WORK INSTRUCTIONS: In the entries below, repeat only the lines between those holding "Joes × Vintage" and "Kova 9: CaF", inclusive. Leave pictures out.

AVAILABLE DATA:
-- Opening Marker --

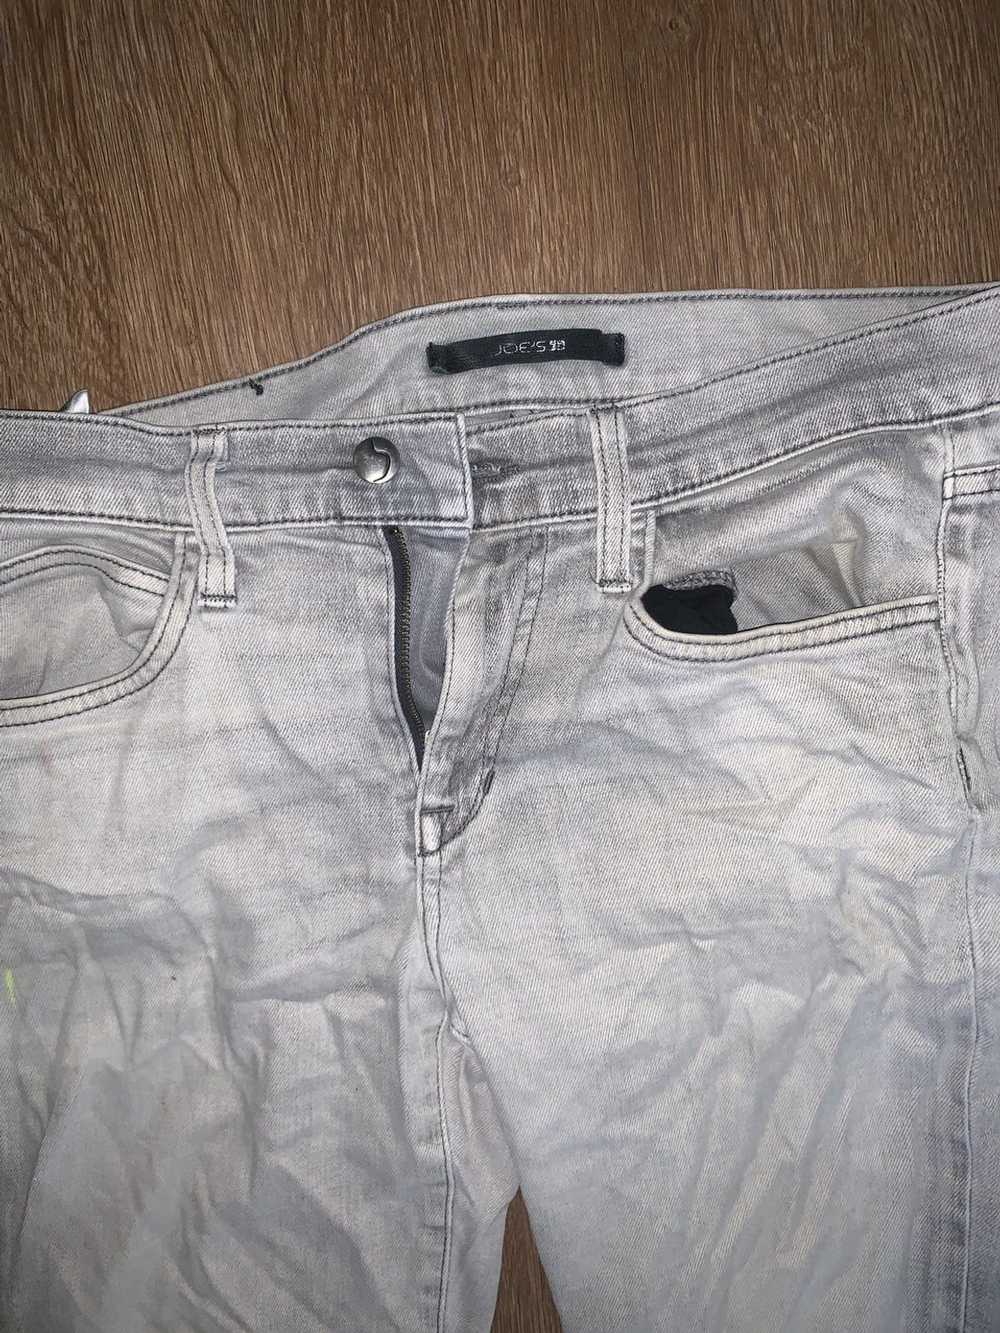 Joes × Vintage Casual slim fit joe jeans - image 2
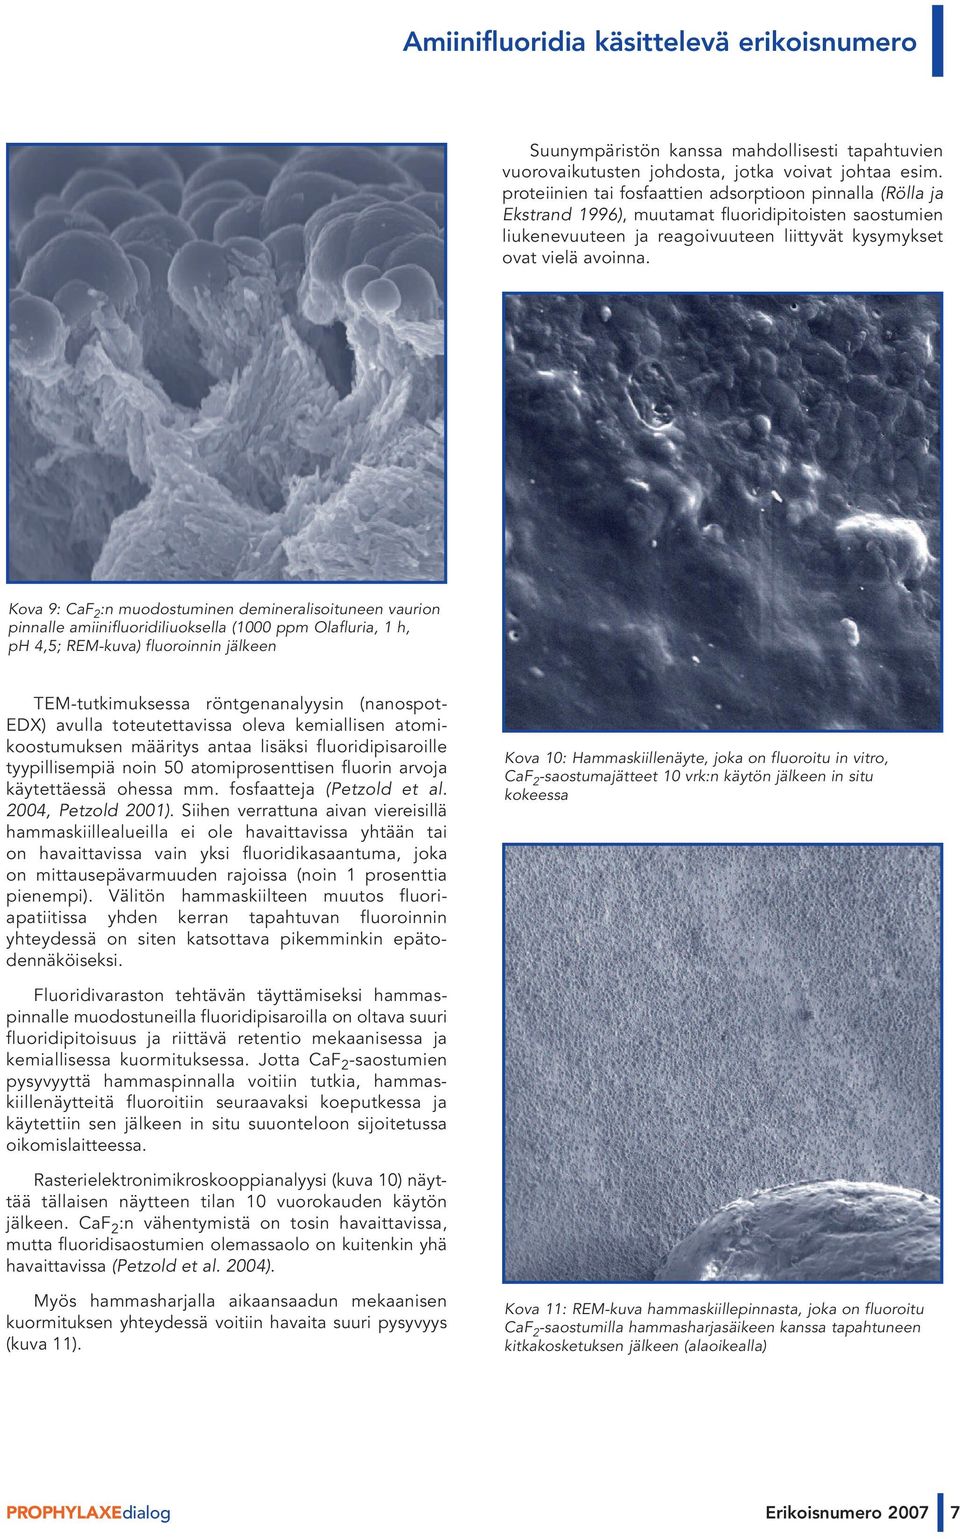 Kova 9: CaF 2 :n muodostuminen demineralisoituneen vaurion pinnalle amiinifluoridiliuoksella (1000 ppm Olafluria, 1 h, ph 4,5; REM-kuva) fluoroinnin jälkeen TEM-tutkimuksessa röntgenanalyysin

-- Closing Marker --
-- Opening Marker --

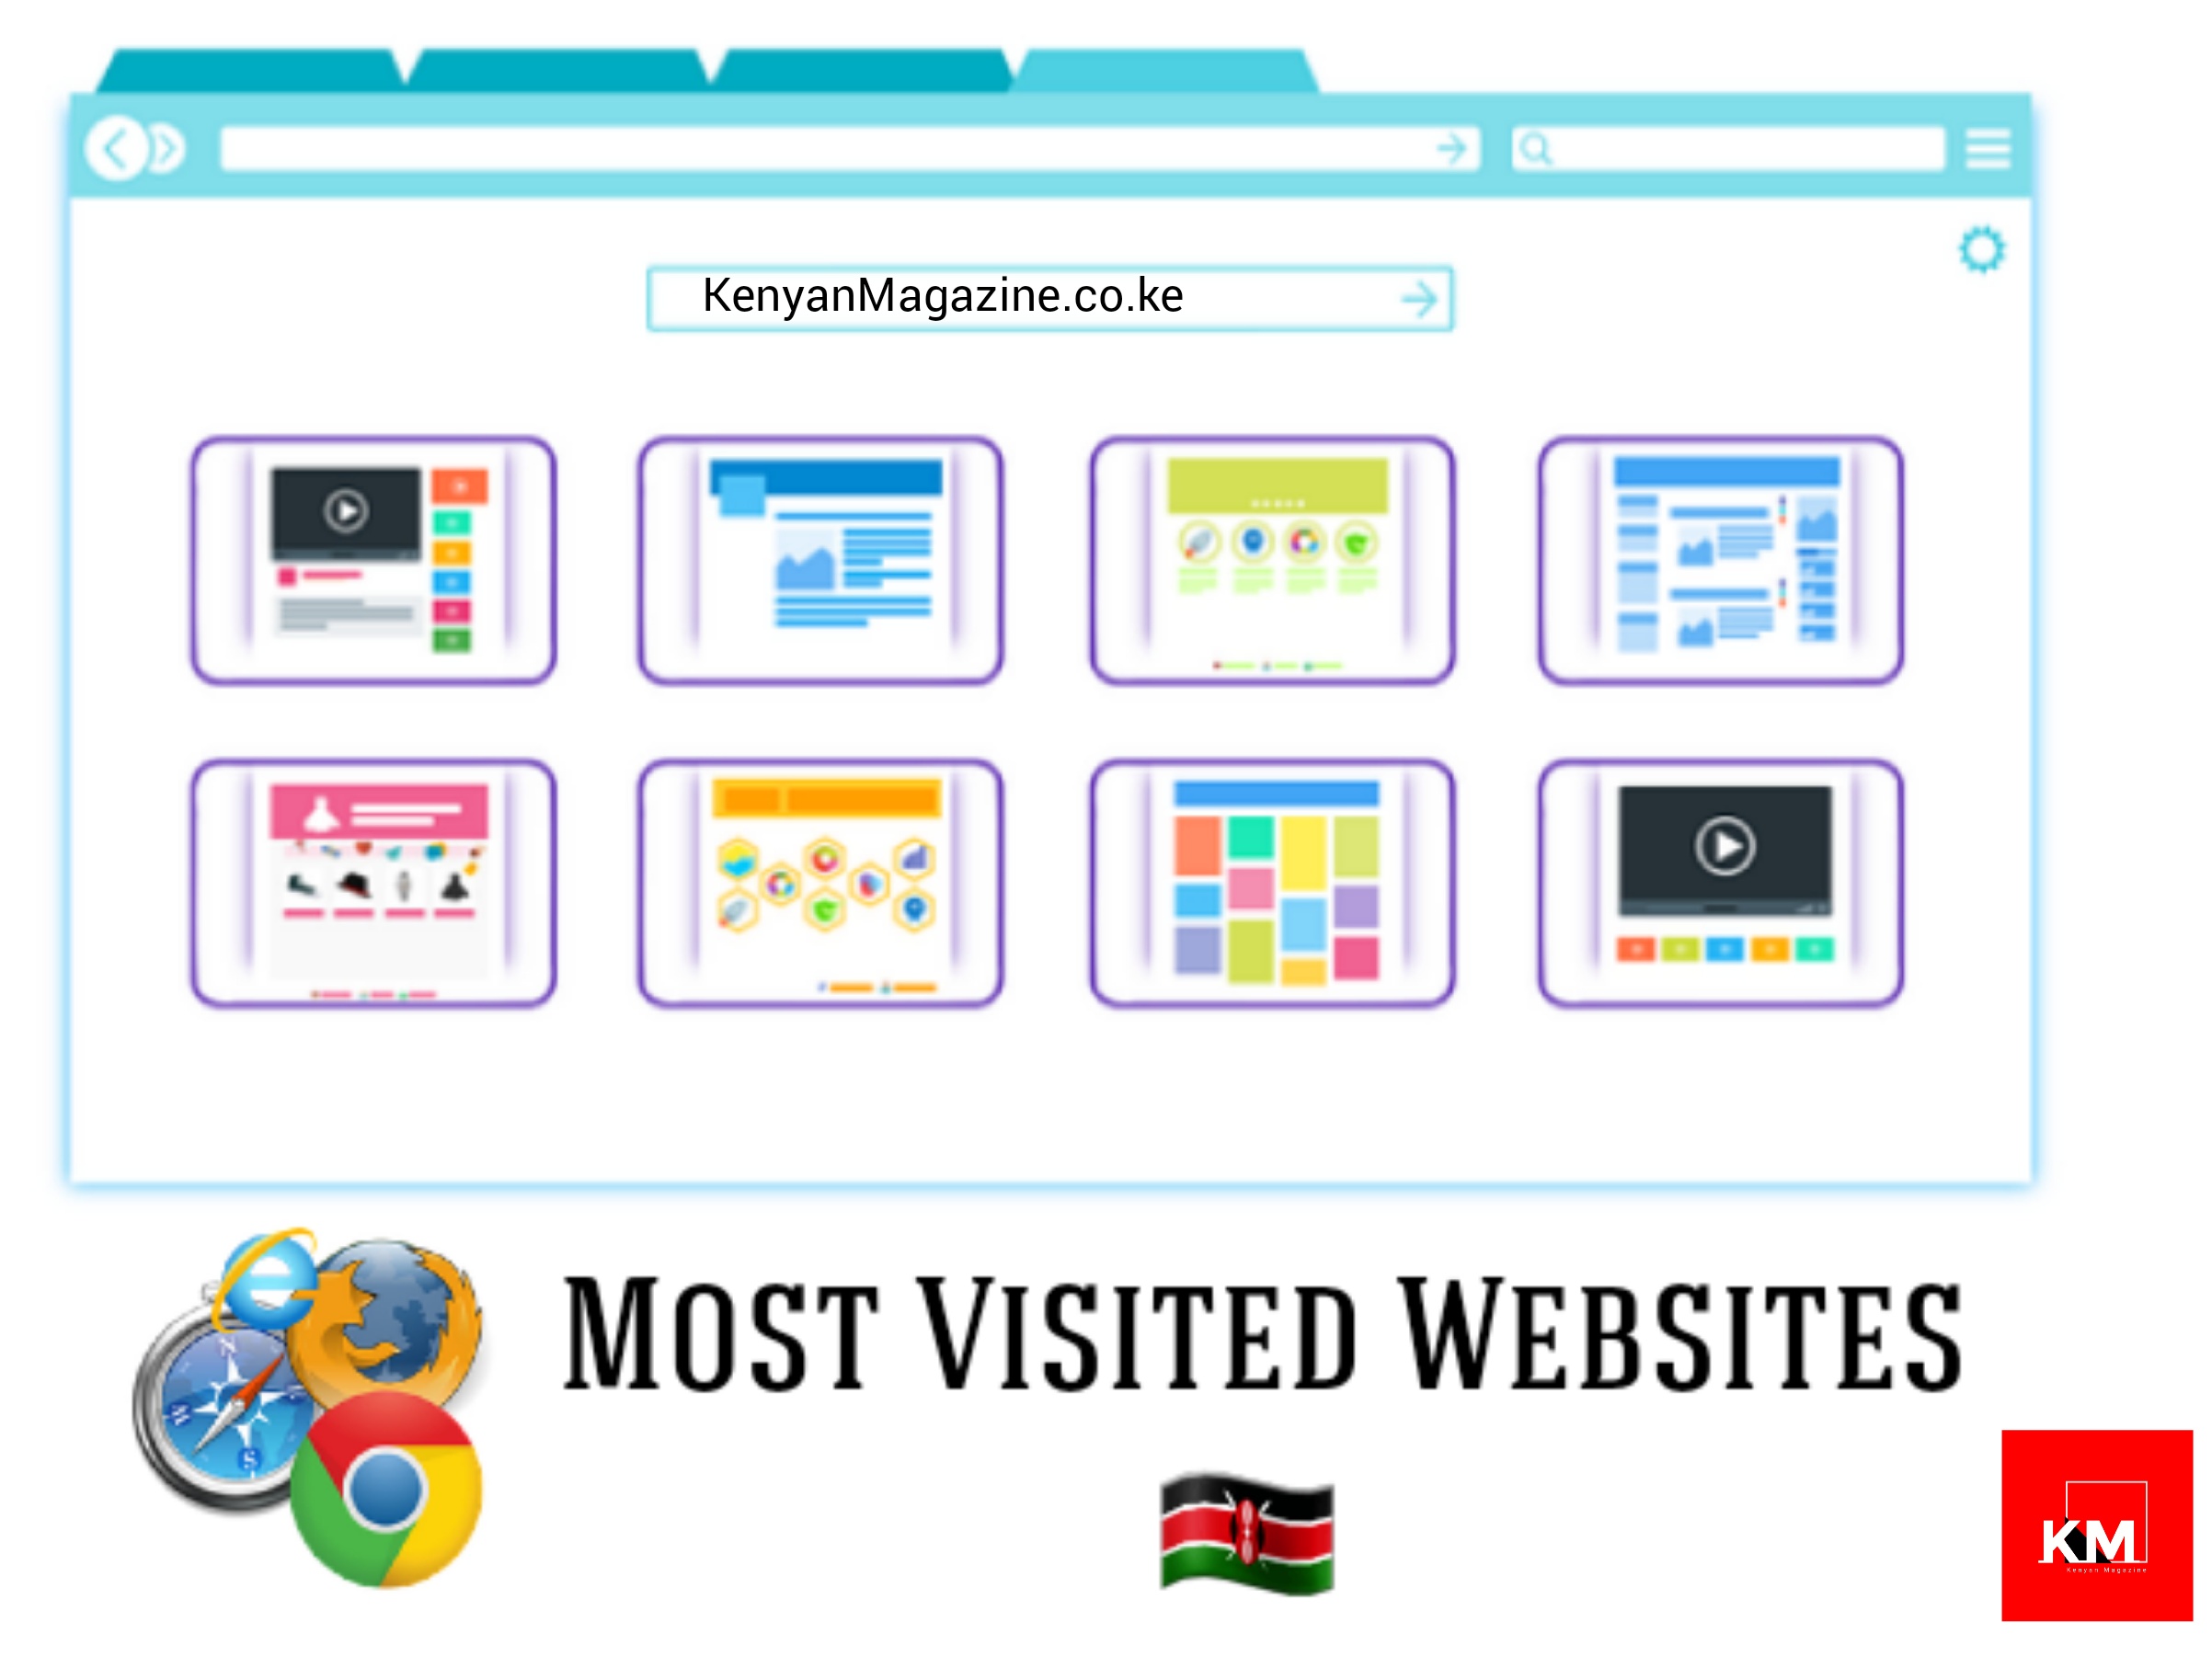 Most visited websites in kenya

-- Closing Marker --

EXERCISE OUTPUT:
 Joes × Vintage Casual slim fit joe jeans - image 2
 Kova 9: CaF 2 :n muodostuminen demineralisoituneen vaurion pinnalle amiinifluoridiliuoksella (1000 ppm Olafluria, 1 h, ph 4,5; REM-kuva) fluoroinnin jälkeen TEM-tutkimuksessa röntgenanalyysin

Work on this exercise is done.